I have written extensively here about the planning for CS315. In the final version of the course description, I made a few editorial changes but only one change in content: I augmented the evaluation rubric to incorporate non-code contributions. Previously, the rubric had the headings "Quality of Code" and "Commitment". I changed the first to "Contributions", which has a nicer poetic parallel with "Commitment," and it captures the kinds of non-code activities that will be required of some students, such as checking copyrights on media and managing quality assurance testing.


The CS315 course description is complemented by the plans for the first 1.5 weeks. Clearly, CS222 is designed to produce students who can succeed in project-oriented experiences such as CS315, but since CS222 is new, I don't have the luxury of fully-prepped students. (Fortunately, many in the class are coming from my CS345 class last Spring, where they got experience in agile development.) The first 1.5 weeks will be the training at the beginning of a new job, getting the students the bare minimum skill set to start the first sprint. CS315 meets three times per week, and these are the plans for our first three meetings:
  • Monday: Demonstrate Eclipse and Mercurial using the MercurialEclipse plugin
  • Wednesday: Introduce Scrum, Entity Systems, and Test-Driven Development by completing a very small but legitimate slice of the project: pulling a task off the backlog, grabbing a partner for pair programming, writing tests, writing a solution, refactoring, committing, and updating the sprint backlog.
  • Friday: Form teams for the first sprint and bid on the first sprint's tasks.
I anticipate an exciting semester's teaching.
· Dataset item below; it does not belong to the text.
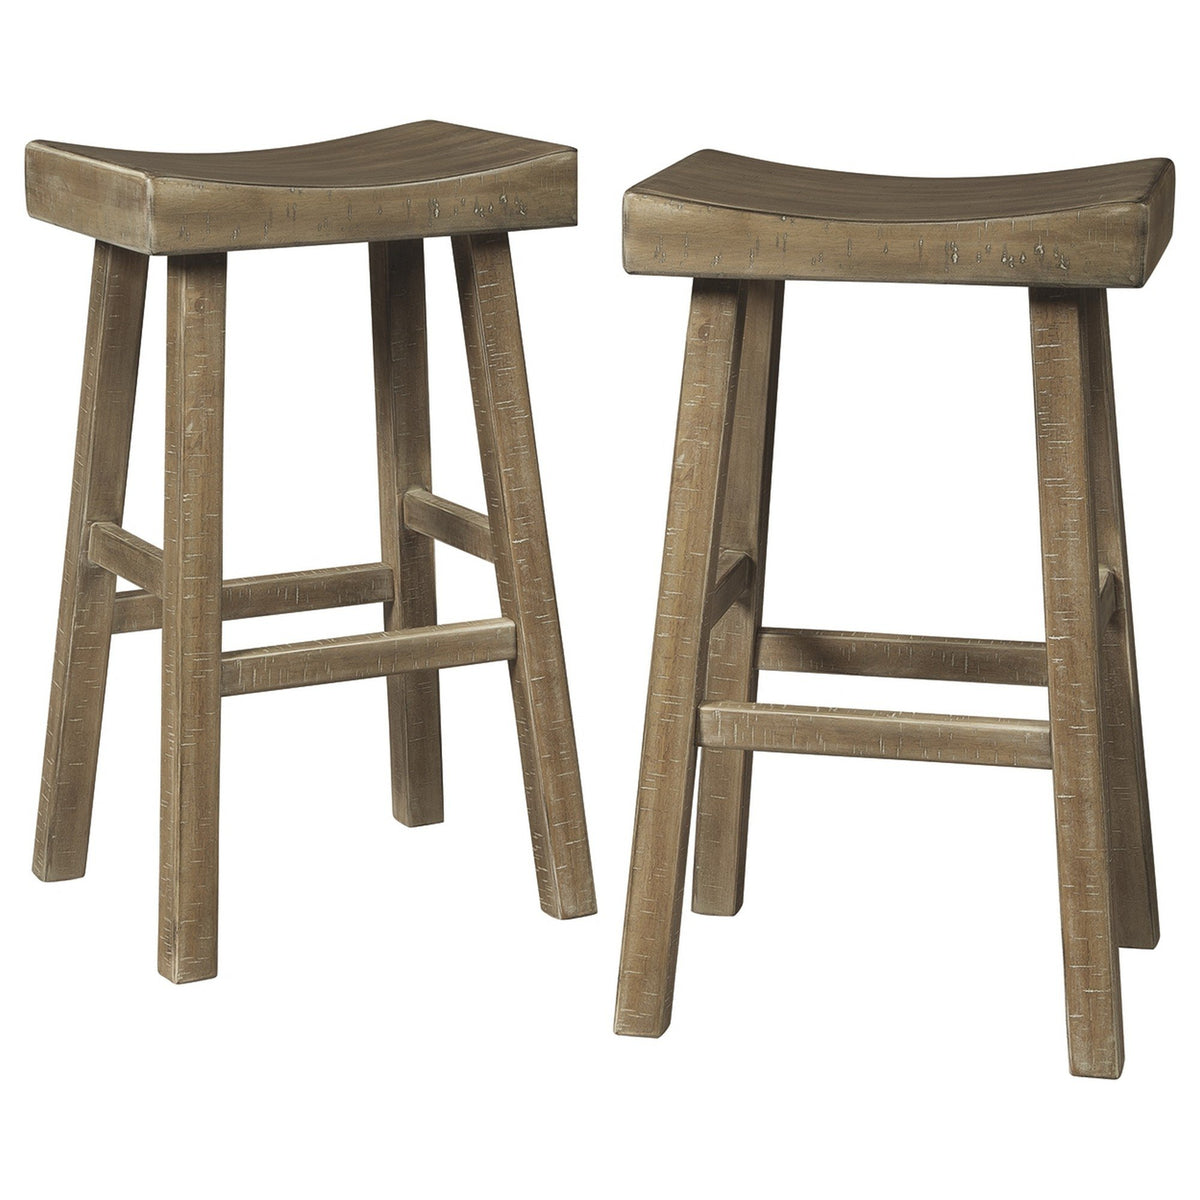 31 Inch Wooden Saddle Stool with Angular Legs, Set of 2, Brown - BM227042
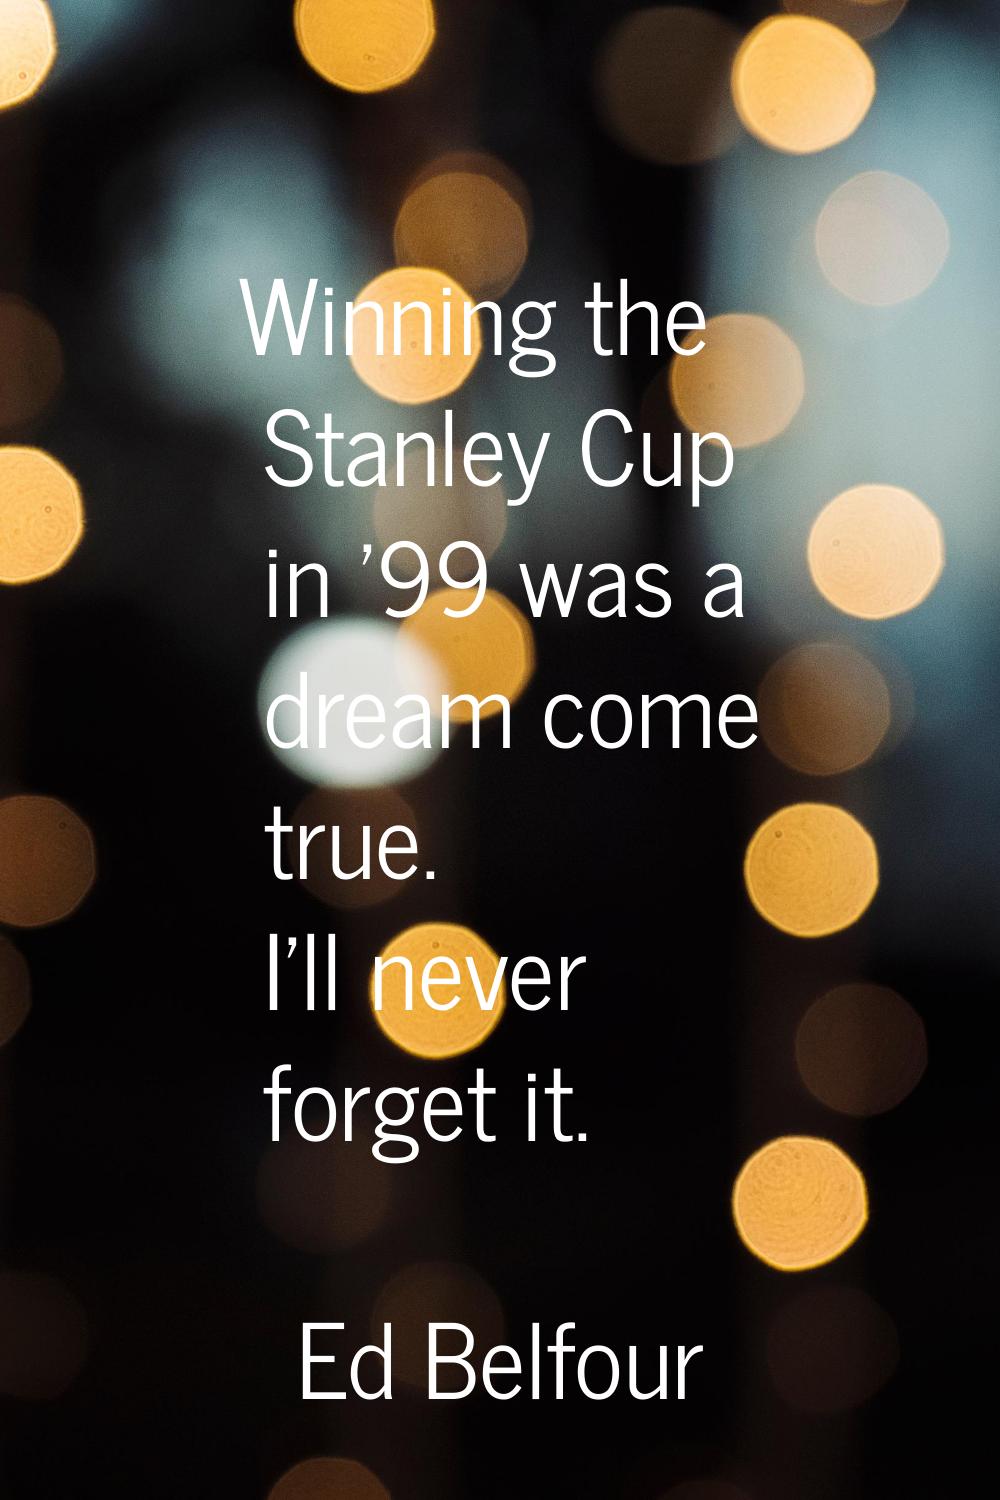 Winning the Stanley Cup in '99 was a dream come true. I'll never forget it.

I plan to keep using this blog for reflective practice with the goal of one quality post per week.

Tuesday, August 3, 2010

Student evaluation plan for game programming

Continuing the series of posts on planning for Fall's game programming class, I would like to share my student evaluation plan. Thanks to all of my friends and colleagues who have taken the time to discuss these issues with me.


By way of background, I used both self- and peer-evaluation in my HCI class in Spring 2010, where students worked in teams on Android applications. I have always been suspect of both kinds of evaluations --- they are neither reliable nor valid, statistically speaking ---  but it seemed like the best way at getting reasonable feedback. While I believe that most of the evaluations were honest, I found the lies to be much more interesting. Of course, the cynical mind leaps immediately to bloated self-evaluations, and there were some of those. Simple tricks like taking the median of the set of self and peer evaluations can address such issues assuming most people are honest. By the end of the semester, some students had an axe to grind and gave brutally honest feedback. As an observer, I think that much of this anger was justified. However, it was the inflated peer-evaluations that I found more interesting. Without breaking teacher-student confidentiality, I will say that these led to some fantastic discussions where the reason for "inflated" evaluations was not from a desire for reciprocation, but rather sympathy, maybe even pity for those who had made mistakes.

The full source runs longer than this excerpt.